Polizeiwillkür in Braunschweig: Einfach mal die Bude gefilzt

Braunschweiger Polizei nimmt Jugendlichen fest, der sich über eine Personenkontrolle beschwerte. Dann wird die Wohnung seiner Gastgeberin durchsucht - ohne Beschluss. Polizei nennt Darstellung "Blödsinn".

So sieht es aus, wenn in Braunschweig die Bereitschaftspolizei Festnahmen übt. Wie es aussieht, wenn Streifenpolizisten bei Nacht und Nebel Ernst machen, ist nicht dokumentiert. Bild: dpa

HAMBURG taz | Zivilcourage gegen die Polizei kann unangenehme Folgen haben. Das musste Karl Schmidt* bei seinem Besuch in Braunschweig erfahren.
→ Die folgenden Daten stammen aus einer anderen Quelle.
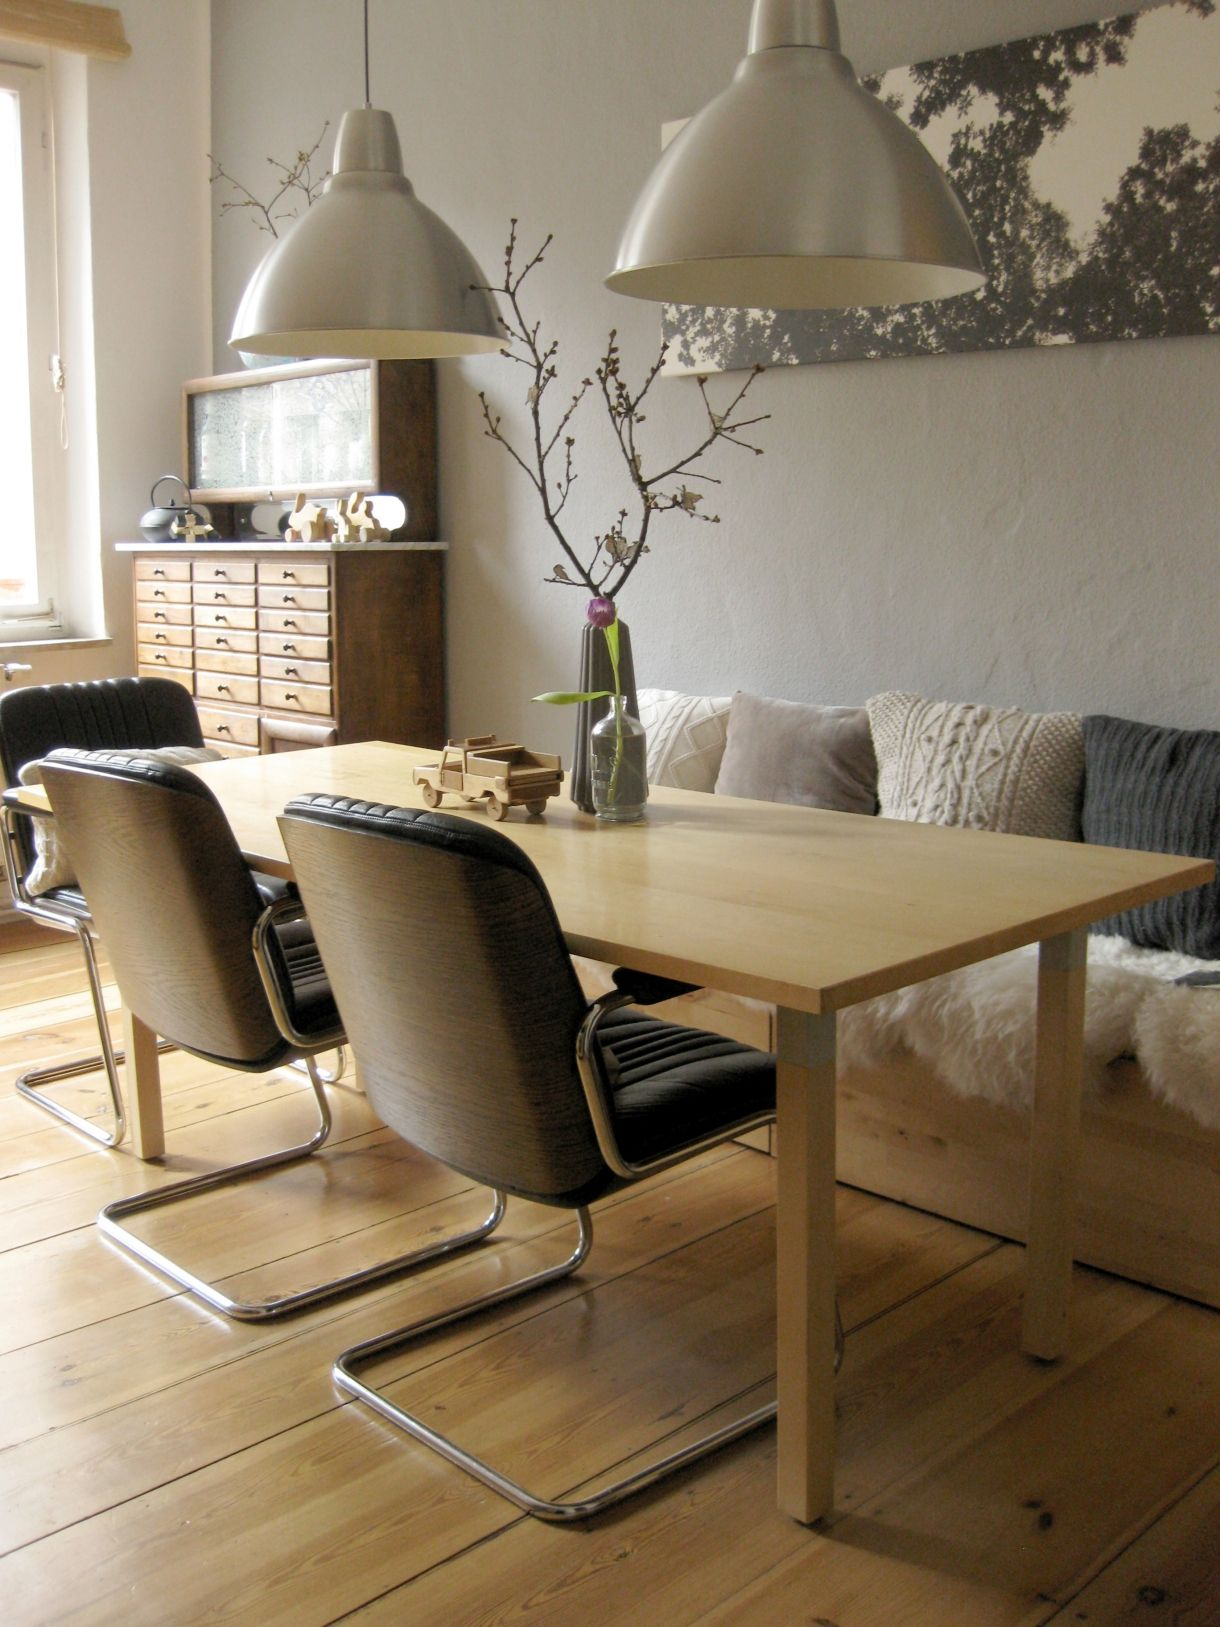 korbst hle f r esszimmer hausgestaltung ideen. Black Bedroom Furniture Sets. Home Design Ideas
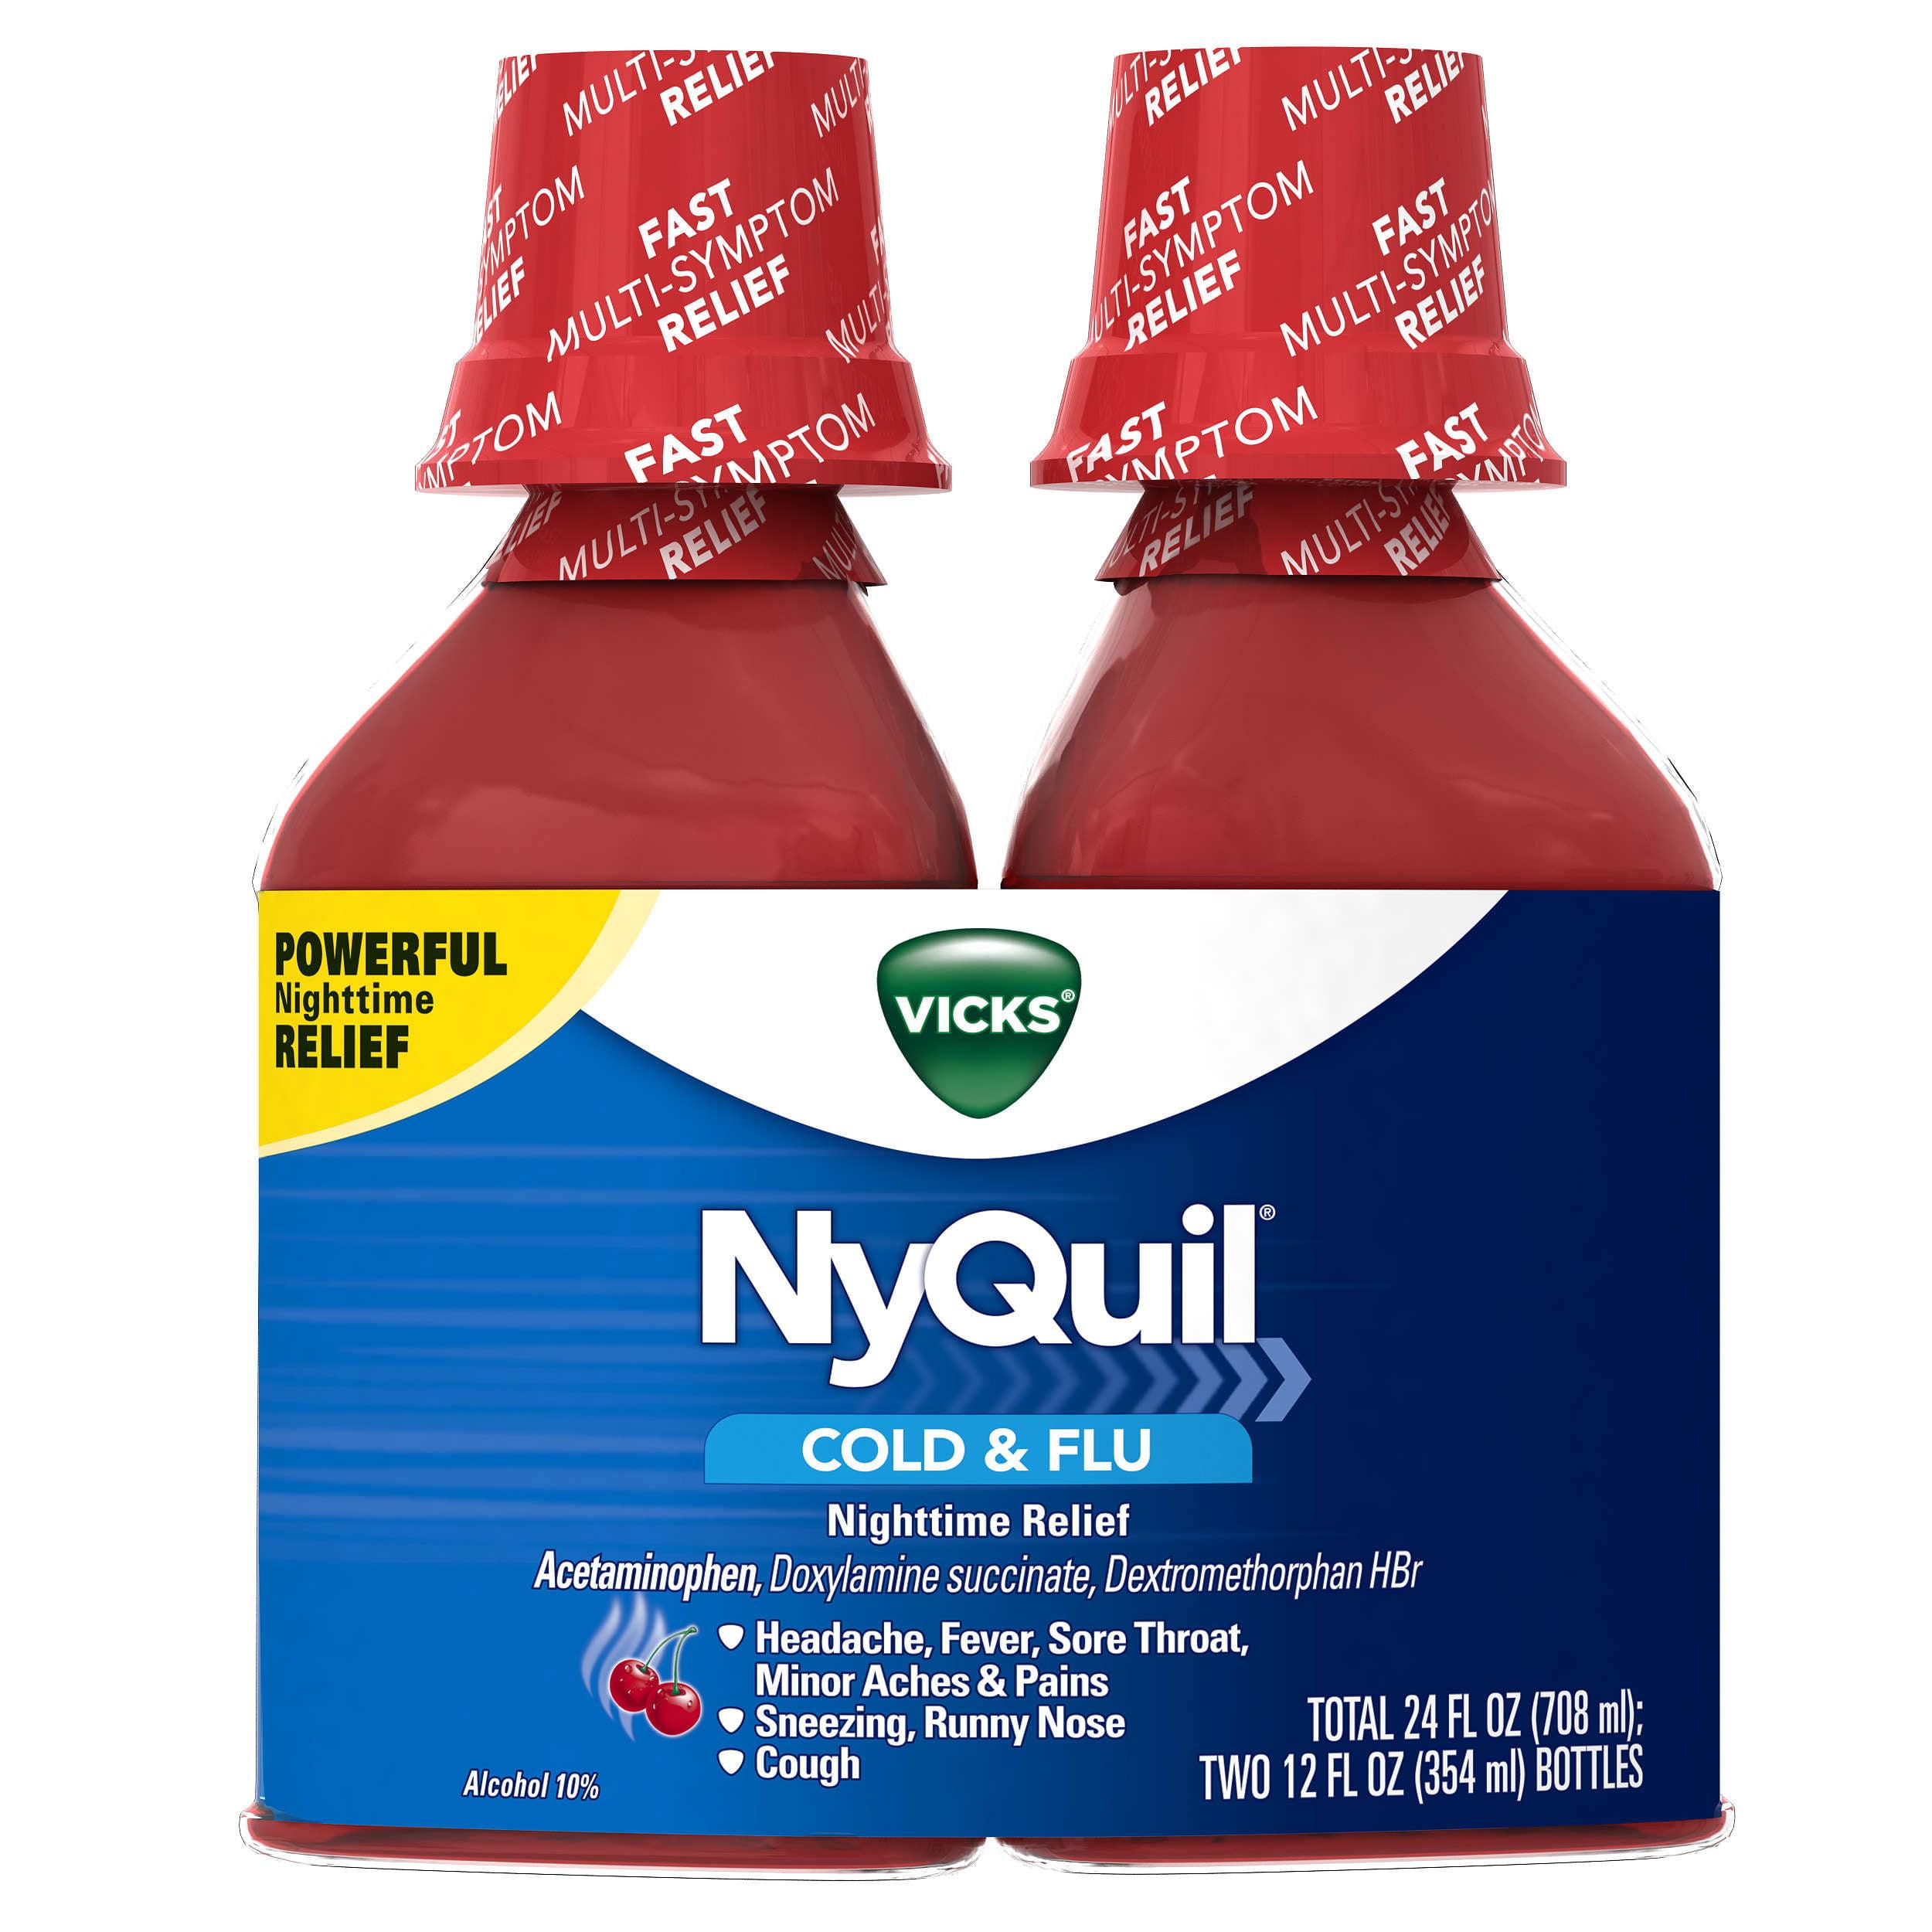 Vicks NyQuil Cold & Flu Nighttime Relief Cherry Flavor Liquid 2 x 12 fl oz

Da er sich bei einer Personalienüberprüfung von Punks in der Braunschweiger Weststadt einmischte und diese kritisch hinterfragte, ist er offenbar selbst zum Ziel der Staatsmacht geworden.

Polizisten haben den ungewollten Zeugen laut Augenzeugen gegen eine Mauer gepresst und durchsucht und ihn anschließend in Gewahrsam genommen, beschlagnahmten die Wohnungsschlüssel in seiner Tasche und durchsuchten damit die Wohnung seiner Gastgeberin Nina Steffen*.

"Sie legten dabei weder einen Durchsuchungsbeschluss vor, der für eine solche Maßnahme notwendig wäre, noch gaben sie einen Grund an", sagen Besucher der Wohnungsinhaberin Nina Steffen. Das gute halbe Dutzend Polizisten habe trotz Protesten der Anwesenden das Eindringen mit "Gefahr in Verzug" begründet.

Die Besucher der Wohnung waren von der Polizeiaktion so verdutzt, dass sie selbst die Polizei anriefen, da sie einen Zusammenhang mit dem Eindringen und dem Verschwinden von Karl Schmidt vermuteten. "Diese verweigerte jegliche Information", sagt ein Betroffener. Daraufhin machten sich die Freunde zur Gefangenensammelstelle in der Braunschweiger Polizeiwache Friedrich-Vogtländer-Straße auf den Weg, wo die Lage erneut eskalierte. Vier Personen wurden festgenommen.

Die Betroffenen berichten, dass sie gewaltsam entkleidet wurden und Tritten sowie Schlägen ausgesetzt worden seien. "Ich wurde brutal festgenommen, weil ich Polizisten fragte, warum sie andere Menschen kontrollieren", sagt Karl Schmidt nach seiner Freilassung nach neun Stunden am nächsten Morgen."Wenn du nicht mit uns kooperierst, brechen wir dir den Arm oder machen dir die Hoden ab", sei ihm auf der Wache gedroht worden. Unter Zwang habe man ihm die Kleidung entrissen, ihn nackt fixiert und ihm eine Blutprobe abgenommen, sagt Schmidt.

Derartige Vorgehensweisen sind in Braunschweig offenbar kein Einzelfall. Norbert Fischer von der Fraktion der Bürgerinitiative Braunschweig (BIBS) in der Ratsversammlung, erinnert an einen Vorfall im April dieses Jahres, wo die Polizei ein Punktreffen von 100 Leuten aufgelöst und fünf Personen in Gewahrsam genommen hatte.

Eine Mutter aus Salzgitter hat inzwischen Strafanzeige gegen Polizisten erstattet, weil sich ihr 16-jähriger Sohn auf der Wache nackt ausziehen musste und von vier Polizisten traktiert worden sei. Ein Polizist habe ihm mit der Faust ins Gesicht, in den Nacken und die Magengrube geschlagen. Ein telefonischer Kontakt des Minderjährigen mit der Mutter sei verweigert worden und auch das Jugendamt sei von der Polizei nicht eingeschaltet worden. Das ergab die parlamentarische Aufarbeitung des Falls im Rat.

Während der Kriminaldienst in diesem Fall ermittelt, bezeichnet Braunschweigs Polizeisprecher Joachim Grande die neuen Vorwürfe als "Blödsinn". Der Sachverhalt sei nicht richtig dargestellt, sagt Grande. Die Jugendlichen hätten Parolen wie "Polizeistaat" gemalt. Wenn jemand mit dem Verhalten der Polizei nicht einverstanden sei, solle er "Ross und Reiter nennen und sich bei der Polizei melden", sagt Grande.

Dazu könnte es bald kommen: "Wir prüfen zurzeit, welche rechtlichen Schritte unsere Anwälte einleiten", sagt die betroffene Wohnungsinhaberin Nina Steffen.